I am almost satisfied with this data visualization. One thing that bothers me is the position of the individual titles, though. They are aligned with the edge of the plot which I think is great for a stand alone plot but not for a patchwork. Let’s align them with the panel, i.e. the part of the plot that actually shows the data.
plot & theme(plot.title.position = "panel")
## Warning: Removed 9 row(s) containing missing values (geom_path).
It took quite some effort to get here but I really like the end results. How about you?

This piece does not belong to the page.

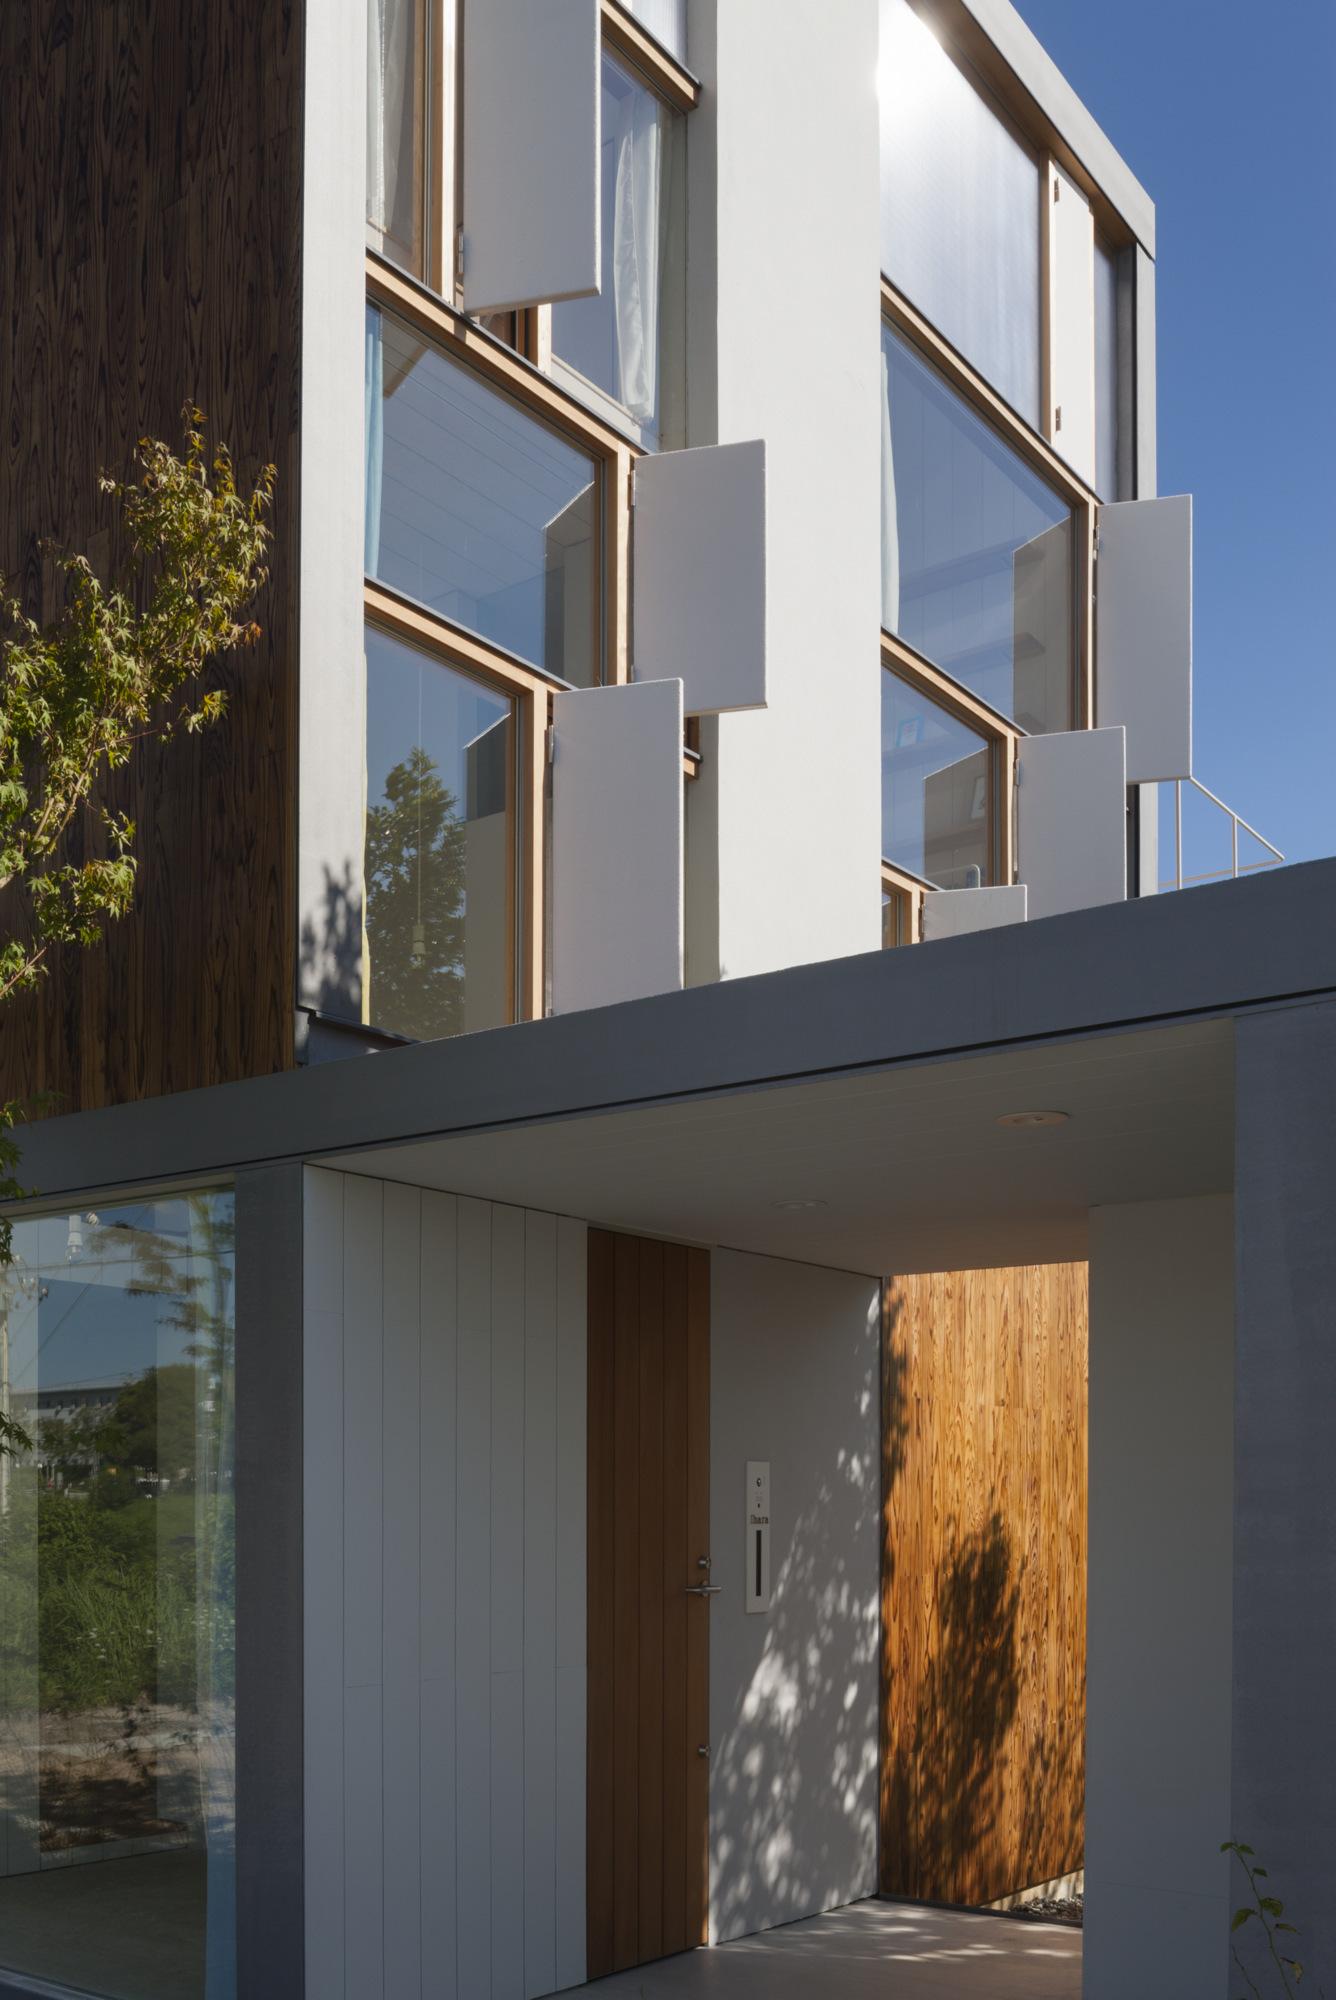 House Passage of Landscape / Ihrmk (15)

Let me know in the comments.
Just the Code
library(ggplot2)
library(patchwork)
p1 <- ggplot(daily_downloads, aes(date, N)) +
geom_line(color = "#94C1E0", size = 1.25) +
scale_y_continuous(
limits = c(0, 80),
expand = expansion(mult = c(0, .05))
) +
ggcharts::theme_hermit(axis = "x", ticks = "x", grid = "X") +
labs(
x = NULL,
y = NULL,
title = "Daily Downloads"
)
p2 <- ggplot(daily_downloads, aes(date, cumulative_N)) +
geom_line(color = "#94C1E0", size = 1.25) +
scale_y_continuous(
limits = c(0, 1200),
breaks = seq(from = 0, to = 1200, by = 300),
expand = expansion(mult = c(0, .05))
) +
ggcharts::theme_hermit(axis = "x", ticks = "x", grid = "X") +
labs(
x = NULL,
y = NULL,
title = "Cumulative Downloads"
)
p3 <- ggplot(daily_downloads, aes(N)) +
geom_histogram(fill = "#94C1E0", color = "#494F5C", bins = 10) +
scale_y_continuous(
breaks = c(0, 2, 4, 6, 8),
expand = expansion(mult = c(0, .05))
) +
ggcharts::theme_hermit(axis = "x", ticks = "x", grid = "X") +
labs(
x = NULL,
y = NULL,
title = "Distribution of Daily Downloads"
)
p4 <- ggcharts::bar_chart(
downloads_by_country,
country, N,
bar_color = "#94C1E0",
top_n = 10
) +
geom_text(
mapping = aes(label = N),
hjust = -.2,
color = "#D6DDE1",
size = 5
) +
scale_y_continuous(expand = expansion(mult = c(0, .15))) +
ggcharts::theme_hermit(axis = "y") +
theme(axis.text.x = element_blank()) +
labs(
x = NULL,
y = NULL,
title = "Downloads by Country",
subtitle = "Top 10"
)
plot_theme <- ggcharts::theme_hermit() +
theme(
plot.title = element_text(face = "bold", size = 30),
plot.subtitle = element_text(size = 24),
plot.caption = element_text(size = 12)
)
plot <- p1 + p2 + p3 + p4 +
plot_annotation(
title = "ggcharts is on the Rise",
subtitle = "A Summary of Downloads from the RStudio CRAN Mirror",
caption = "Source: RStudio CRAN Logs",
theme = plot_theme
)
plot & theme(plot.title.position = "panel")